The whole listing below, with no pictures, is to be repeated as it stands.

RECORDED DATA:
_ _ _ _ _ _ _

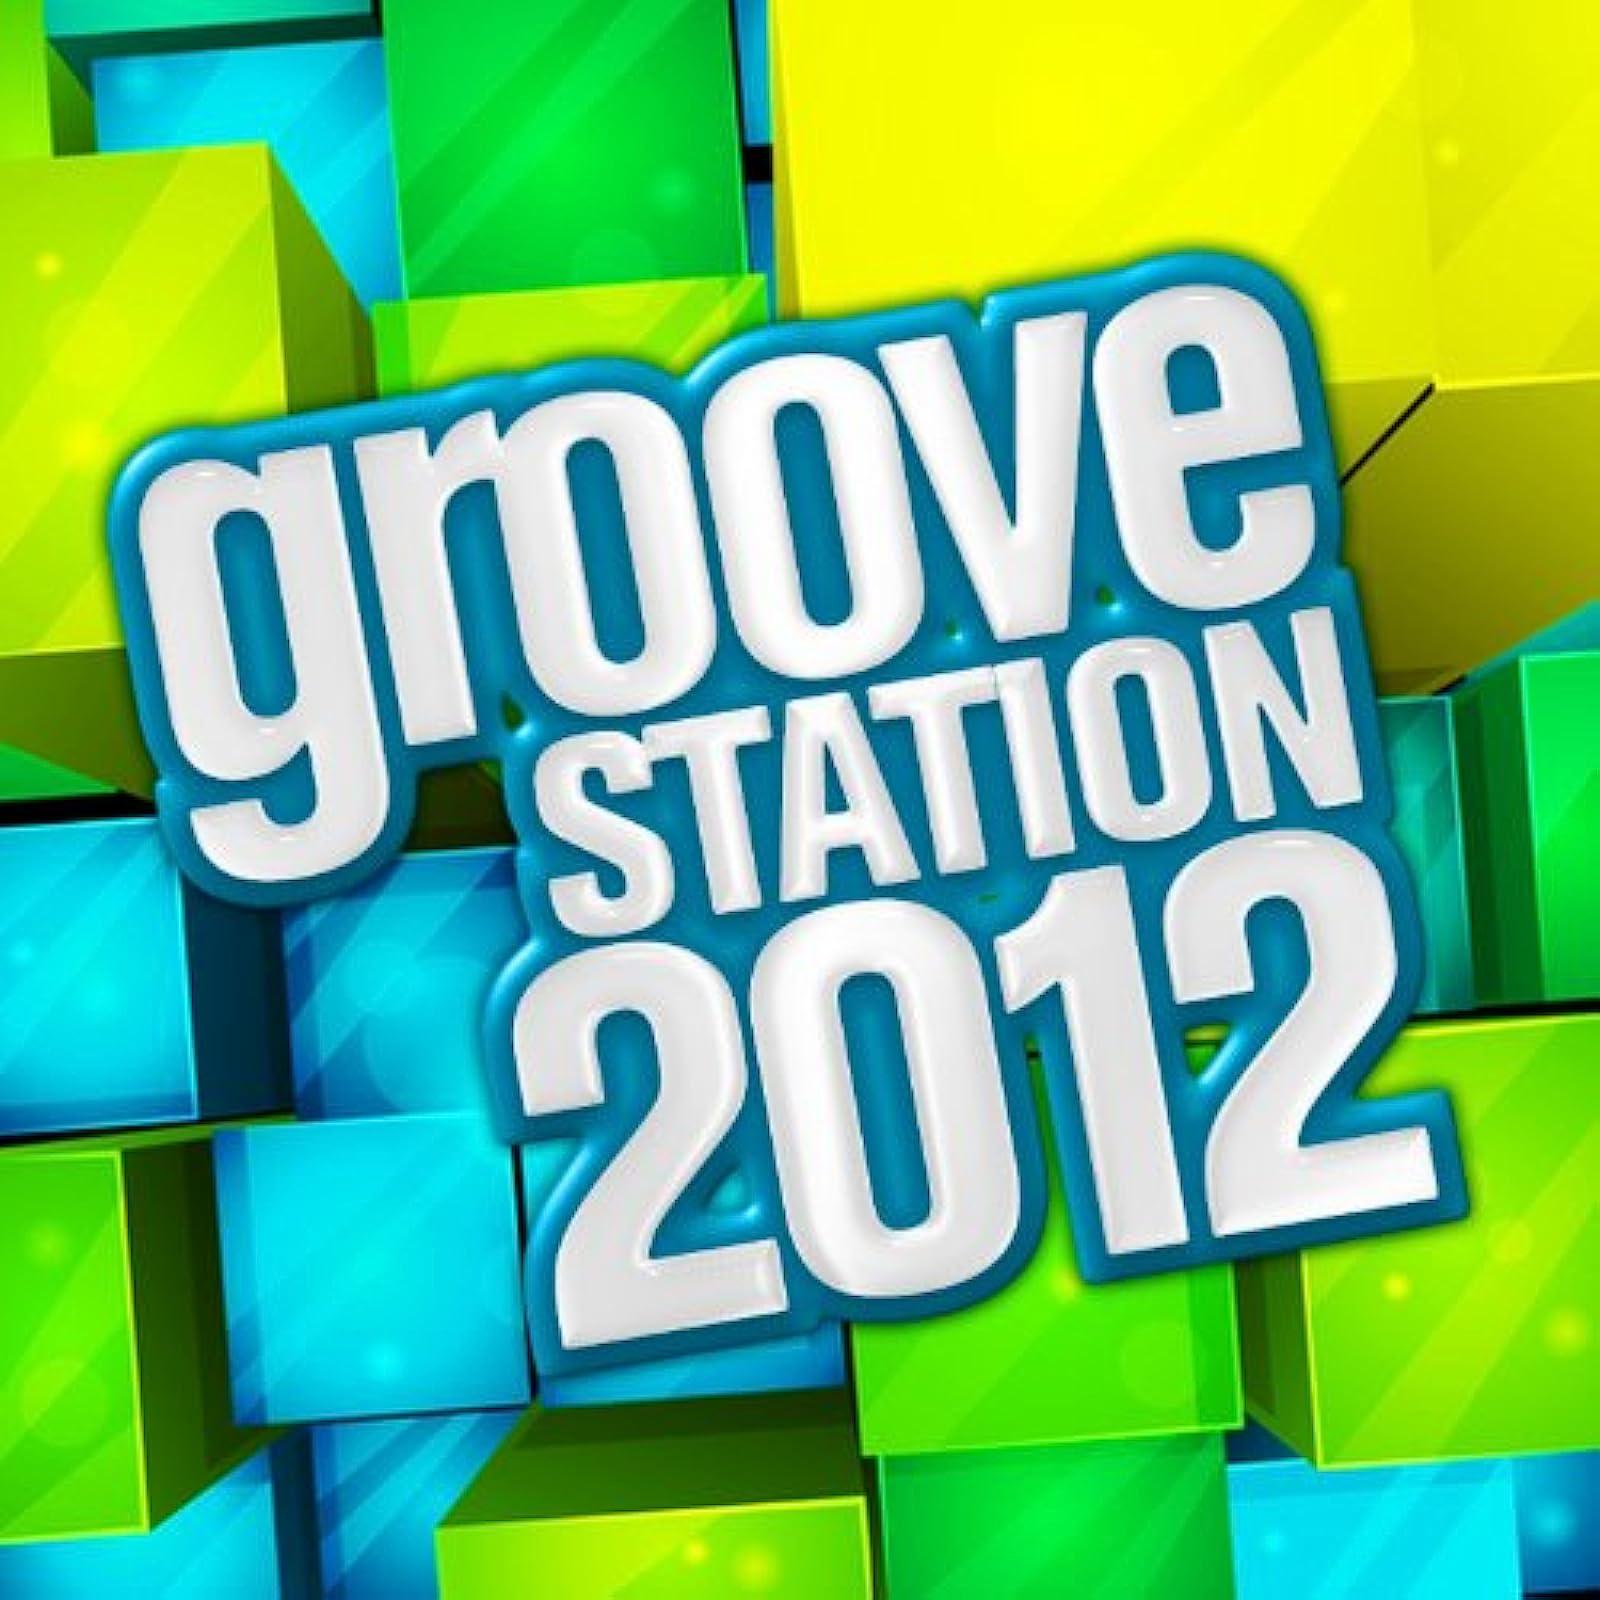 2012 Groove Station On Audio CD Album
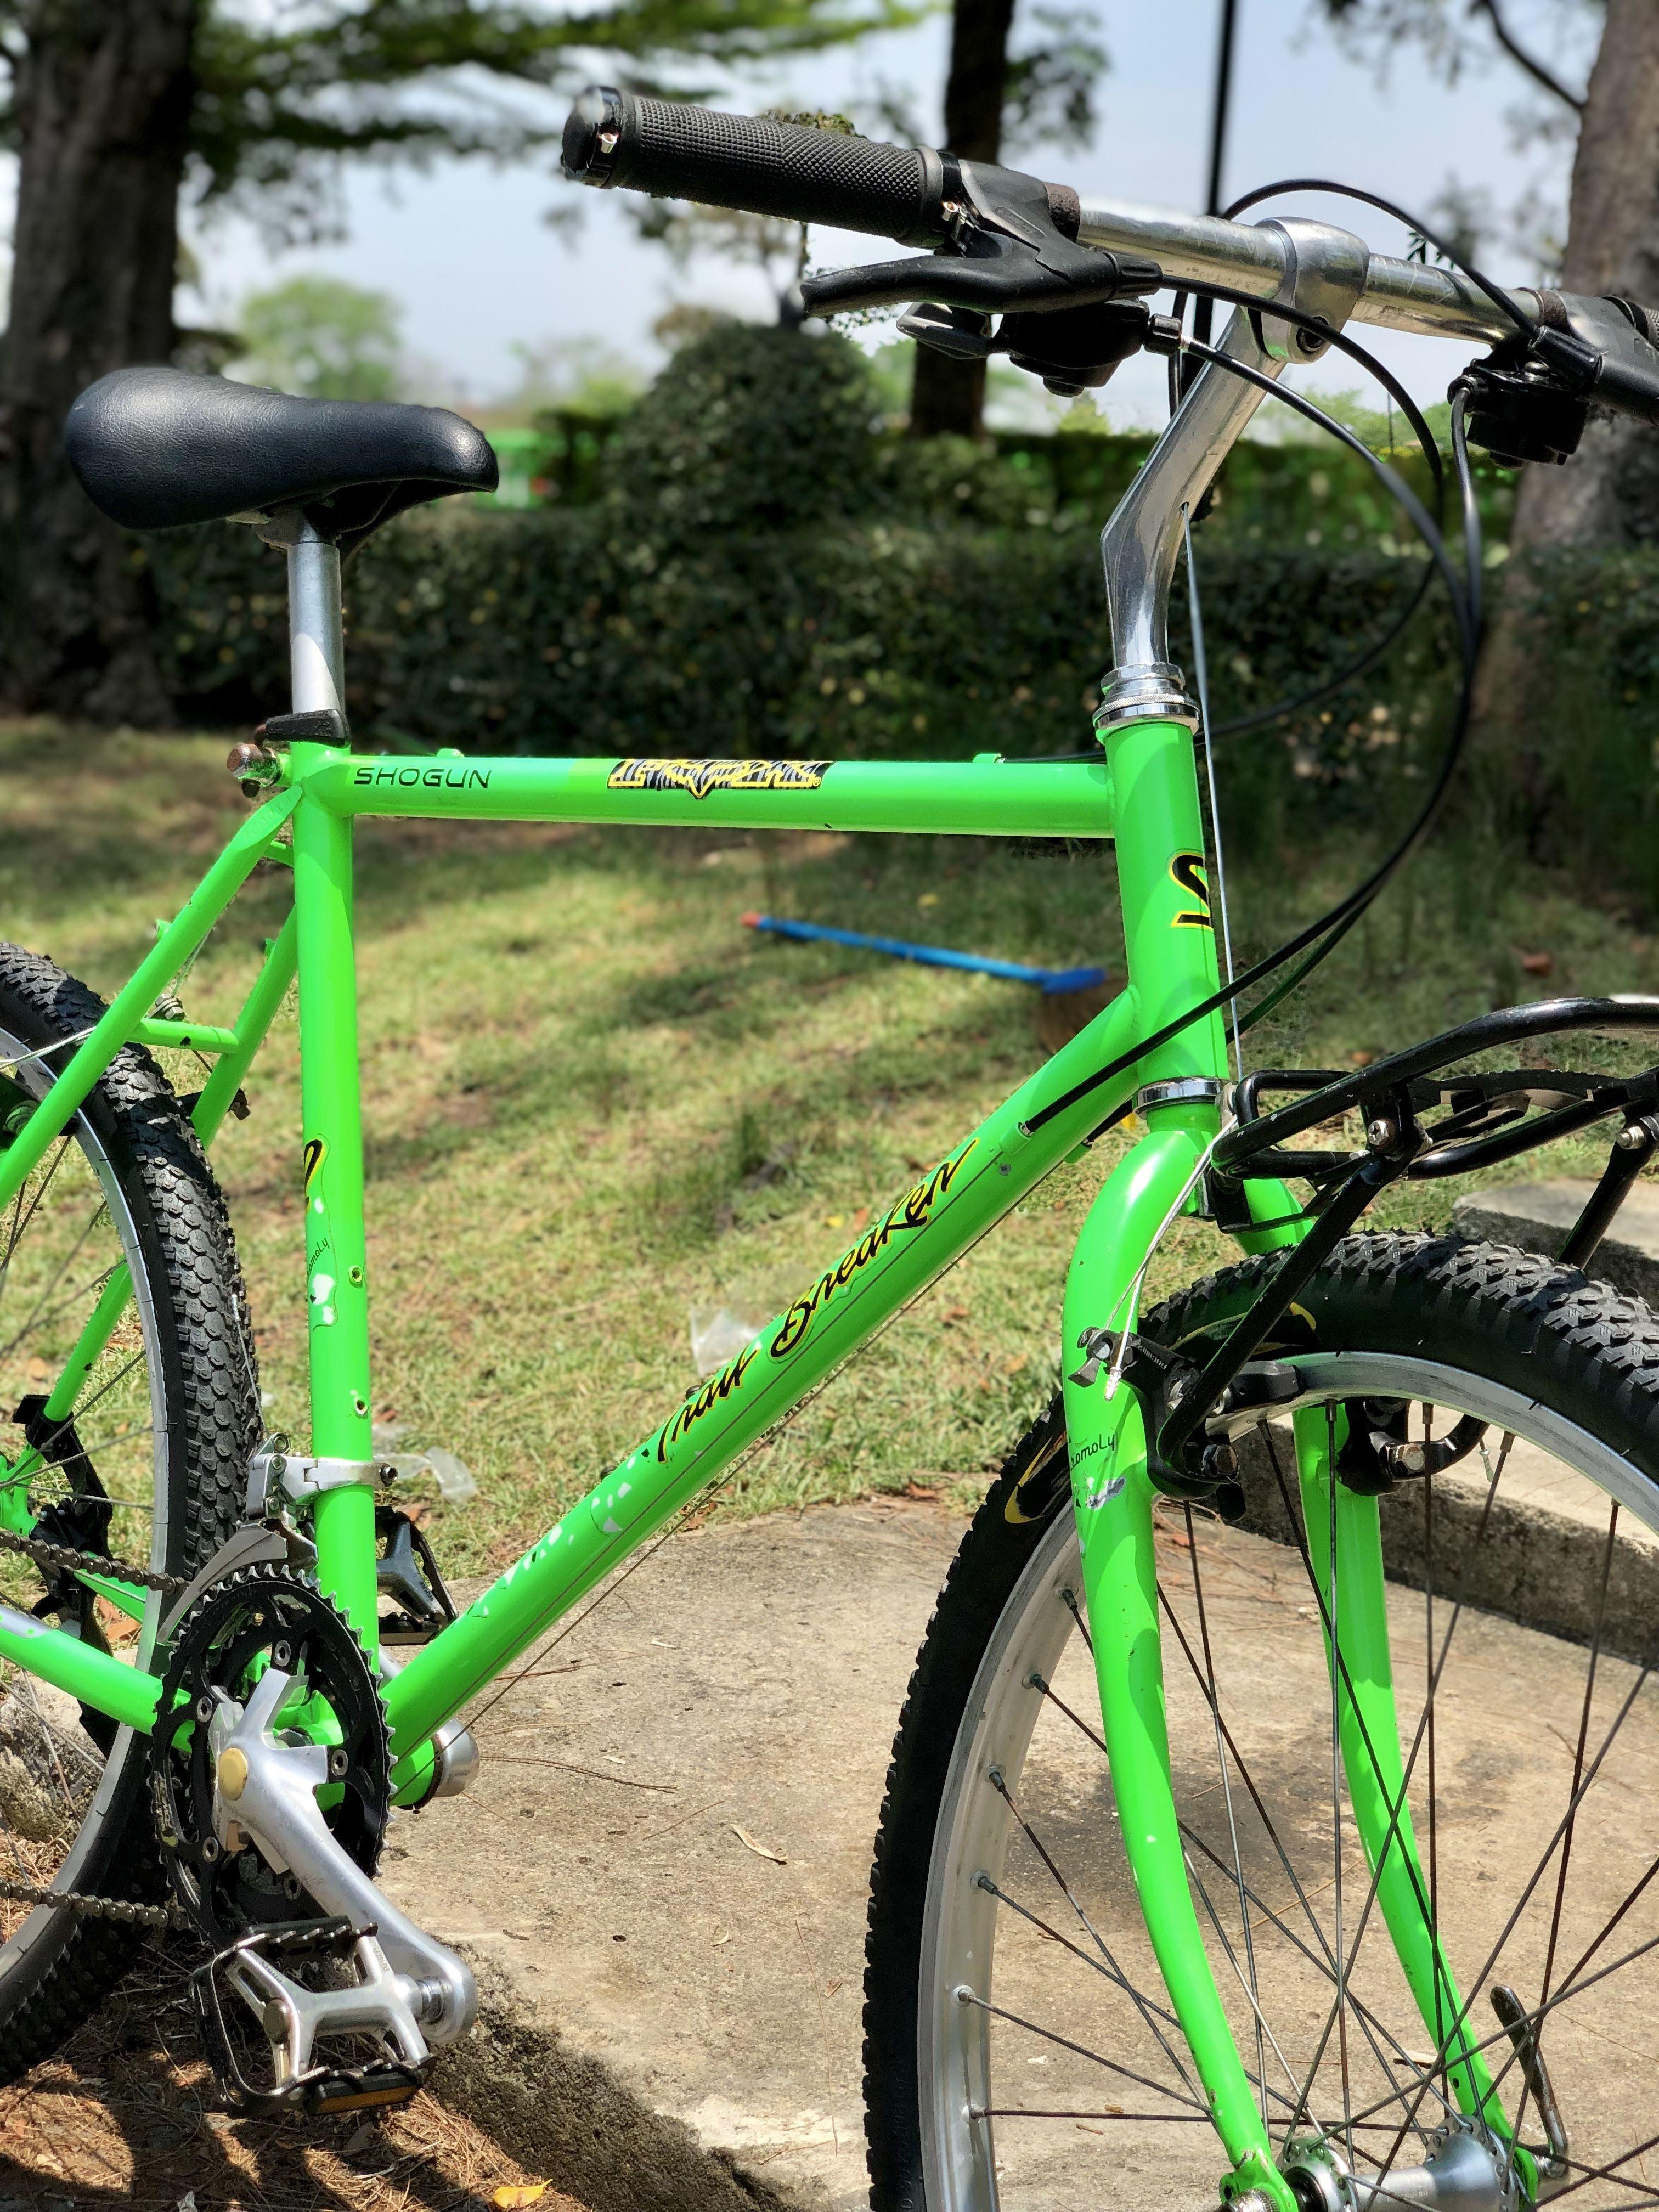 1cd717e5bdd Shogun Trail Breaker 2 rebuilt | Retro Mountain bike
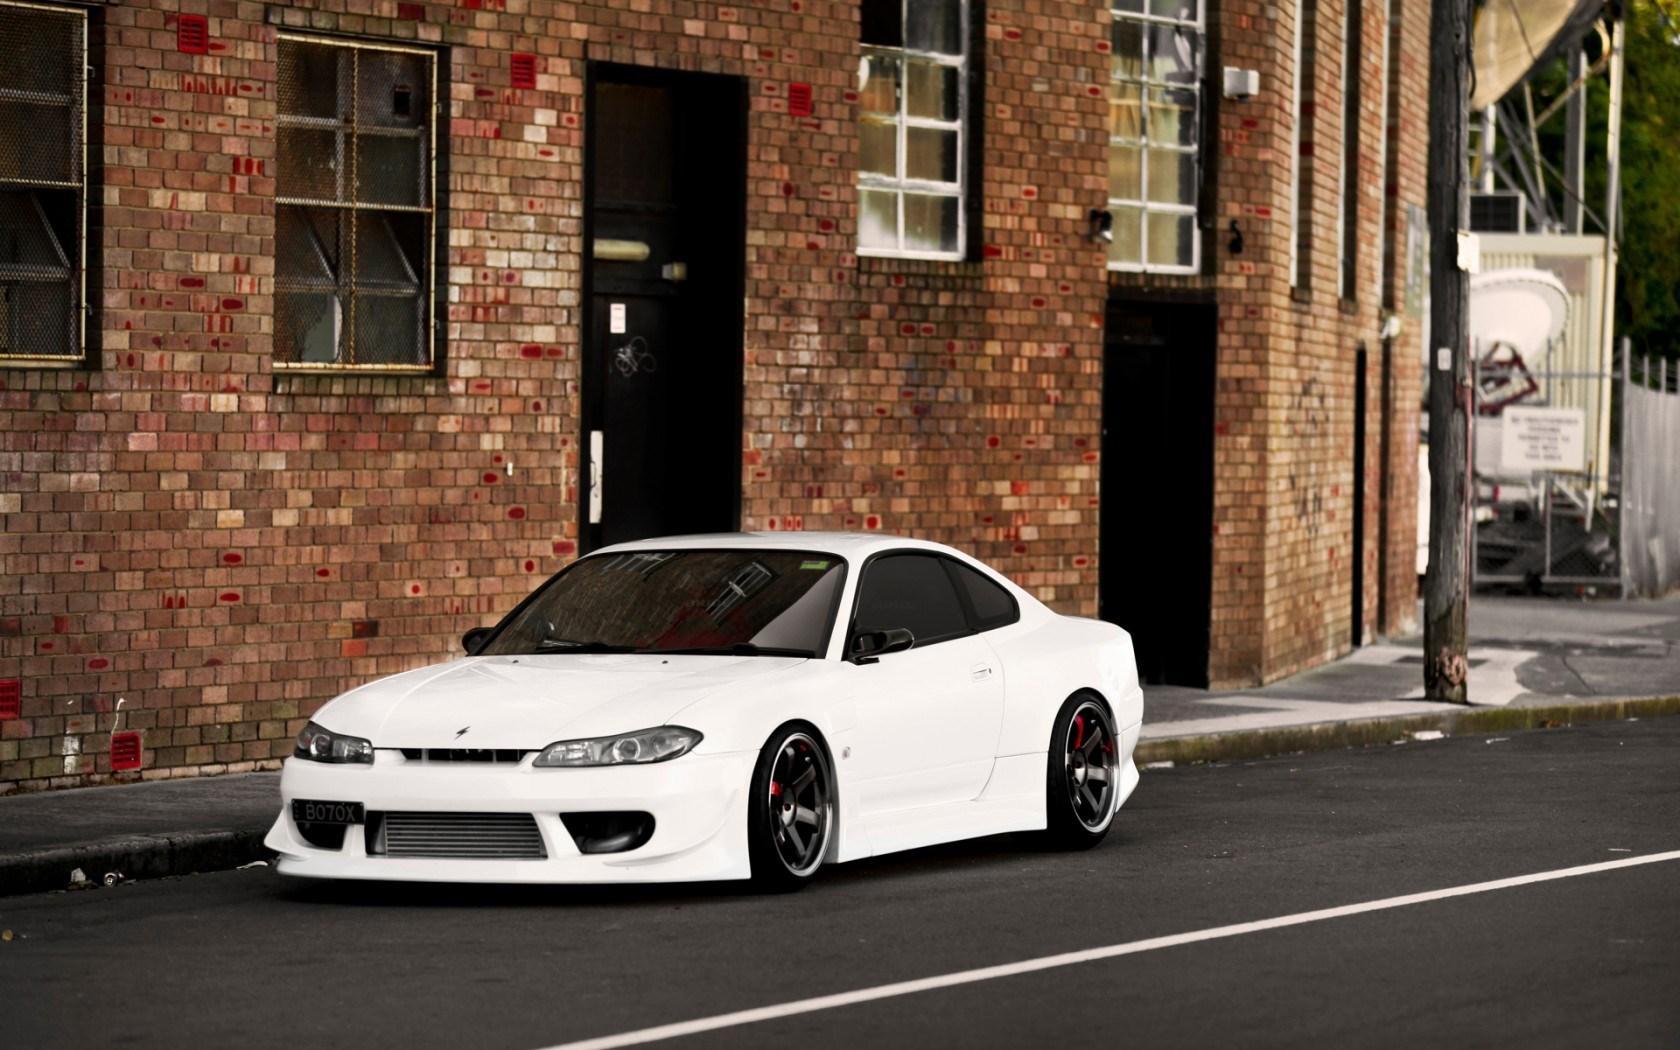 Nissan Silvia S15 Car Tuning Street

_ _ _ _ _ _ _

YOUR SOLUTION:
 2012 Groove Station On Audio CD Album
 1cd717e5bdd Shogun Trail Breaker 2 rebuilt | Retro Mountain bike
 Nissan Silvia S15 Car Tuning Street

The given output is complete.